Subject: Re: A company's appeal to the community
From: <kmself@ix.netcom.com>
Date: Sun, 16 Jan 2000 12:35:05 -0800
Sun, 16 Jan 2000 12:35:05 -0800
On Sun, Jan 16, 2000 at 11:18:28AM -0500, Brian Bartholomew wrote:
> > There is also the question of ultimate motives and ends in all of
> > this, for which I'd need to have a better understanding myself of
> > what it is the company plans to do, the schedule for carrying this
> > out, and the terms under which the actions are performed.
> 
> Well, here I go getting everybody all upset again.

I knew we kept you around for something <g>.  This really is helpful.

> Imagine a hypothetical situation in an alternate universe where
> BigTech has the worst possible motives (from the point of view of the
> community).  They secretly wish to mislead the community and the press
> about their intentions, gain community goodwill they don't deserve,
> produce no product, score a big IPO on vapor of vapor.  They
> incorporate donated bug reports but not code, benefiting from
> volunteer labor but conserving their copyright ownership.  Then they
> make their product highly proprietary again, and innocently claim they
> changed their mind.  Their proprietary product is sufficiently better
> that it pushes the free one into obscurity and obsolescence.
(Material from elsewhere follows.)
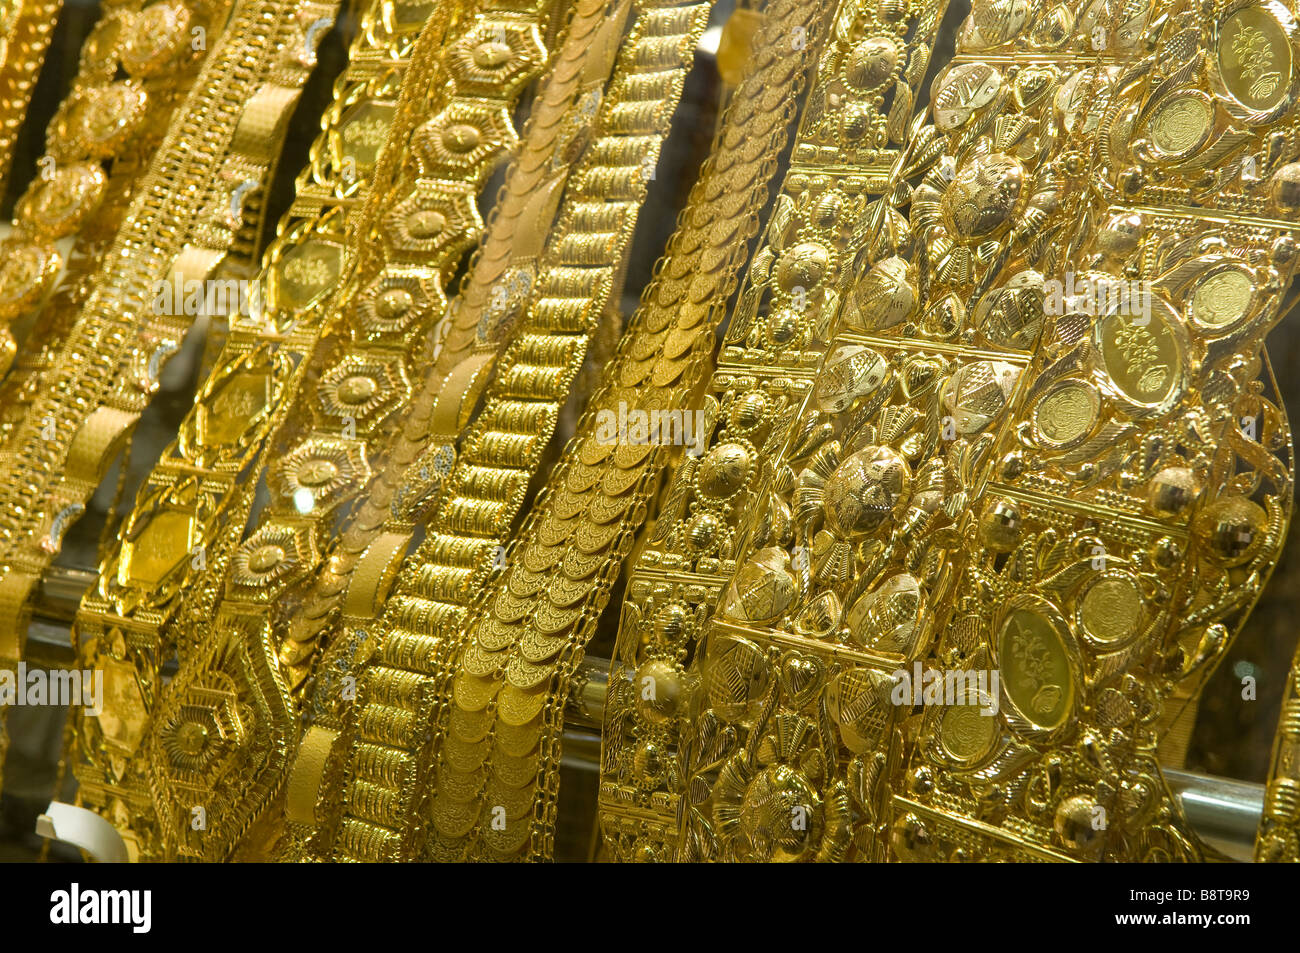 necklace display in gold souk shop window, dubai, uae - Stock Image

Ok.  What would it take to prove to you otherwise?  That's basically
what I am asking.

Realize that if the company can't demonstrate cleanroom development, the
case for infringing should it accept bug reports and implement code
based on them might be made.  I have no idea how validly.

The initially released codebase, if released under most of the
OSD-certified licenses, would remain available.  That of itself would be
a major step.

> Can the community hedge against BigTech motivations that are strongly
> against their interests?  Motivations are really hard to test for
> directly.  Is there some externally-visible BigTech behavior that will
> only be present in a win-win or win-lose situation?  Detection or
> enforcement probably doesn't have to be immediate or perfect.  Even a
> statistical guarantee may be enough, as long as BigTech can observe
> it's not profitable to cheat the community.

While I see where you're getting at, I don't think free software is
something that needs to set up a morality police.  Or maybe we've
already got it in the form of vocal critics -- RMS, ESR, Bruce Perens,
and Rick Moen (if you've followed the LinuxOne issue) come to mind.  As
wll as Slashdot, for which the phrase "comes to mind" implies too much
sentient thought <g>.

The companies I've talked to about free software initiatives (not just
this one) are very concerned about community impressions.  Look at the
prospectuses and/or SEC filings for RedHat and VA for a detailing of
business risks.  The same concern is also voiced for established
companies now approaching the idea.  Moral suasion seems a powerful
force in this arena.  Interesting.

> A member of the League for Programming Freedom (LPF) http://lpf.ai.mit.edu
> -------------------------------------------------------------------------------
> Brian Bartholomew - bb@wv.com - www.wv.com - Working Version, Cambridge, MA

-- 
Karsten M. Self (kmself@ix.netcom.com)
    What part of "Gestalt" don't you understand?